Spotting a big trout can be an instant adrenalin overload – clouding judgment and destroying hand-eye coordination.

There you are quietly walking along the bank of a river, Polaroid's scanning the water –and you spot him. Must be 10 pounds at least, definitely 10 pounds, not 4.5 kilo – that would sound too small. He sits there, slowly moving slightly to one side or the other to pick up some morsel.

trout illustration

Then it starts – buck fever. The symptoms are very evident. Out comes the fly box, and it drops, spilling the flies. How on earth can trout see nymphs in flowing water, when you cannot see them in the grass at your feet?

Finally you find one and tie it on. Despite the fever raging through your body, you test the knot, which slides undone. This is the same knot you have tied four hundred trillion zillion times, at a conservative estimate. The knot you can tie behind your back, with cold and wet hands, in the dark.

Re-tied, you move into position behind a bush to screen yourself from the fish, and plan your cast.

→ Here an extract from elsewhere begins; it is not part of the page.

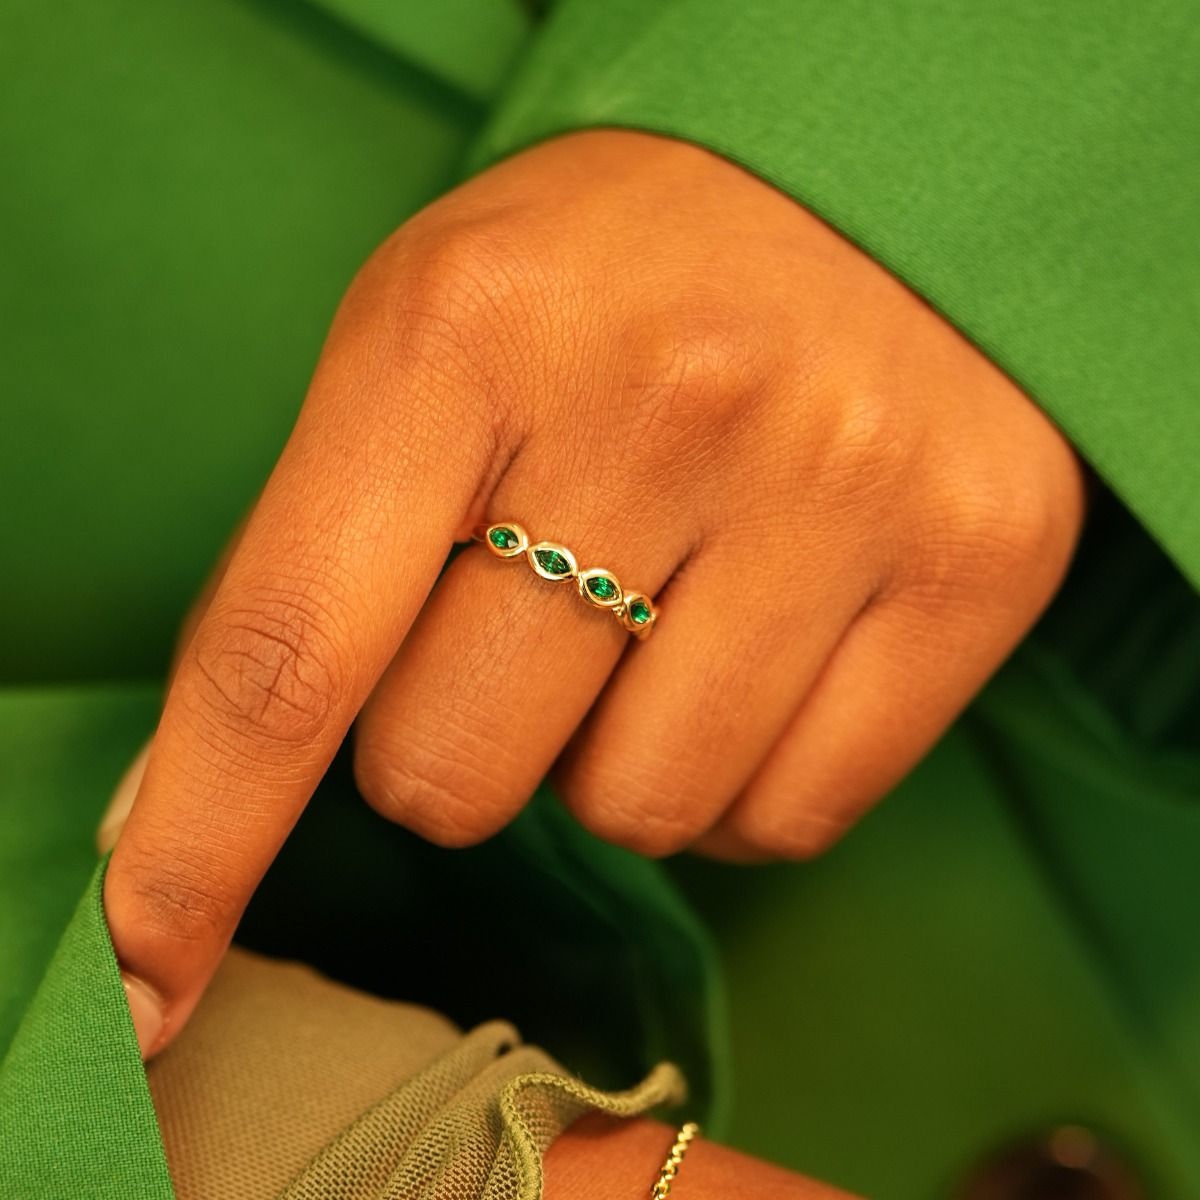 The Stacking Ring flaunts a delicate band adorned with encased marquise stones. Its versatility lends it the ability to stand out as a statement piece or be customised by pairing with complementary rings.

It is not a long cast, maybe only 10 metres in all, to land the nymph 7 metres above the fish. Plan decided, you slowly stand up and swing the line out, a couple of false casts to lengthen the line, and then into the final back-cast.

Eyes riveted on your cast target you swing into the forward cast, but come up in a dead stop. You just knew the blackberries would get you didn't you? Well, you would, if buck fever had allowed you to note their presence.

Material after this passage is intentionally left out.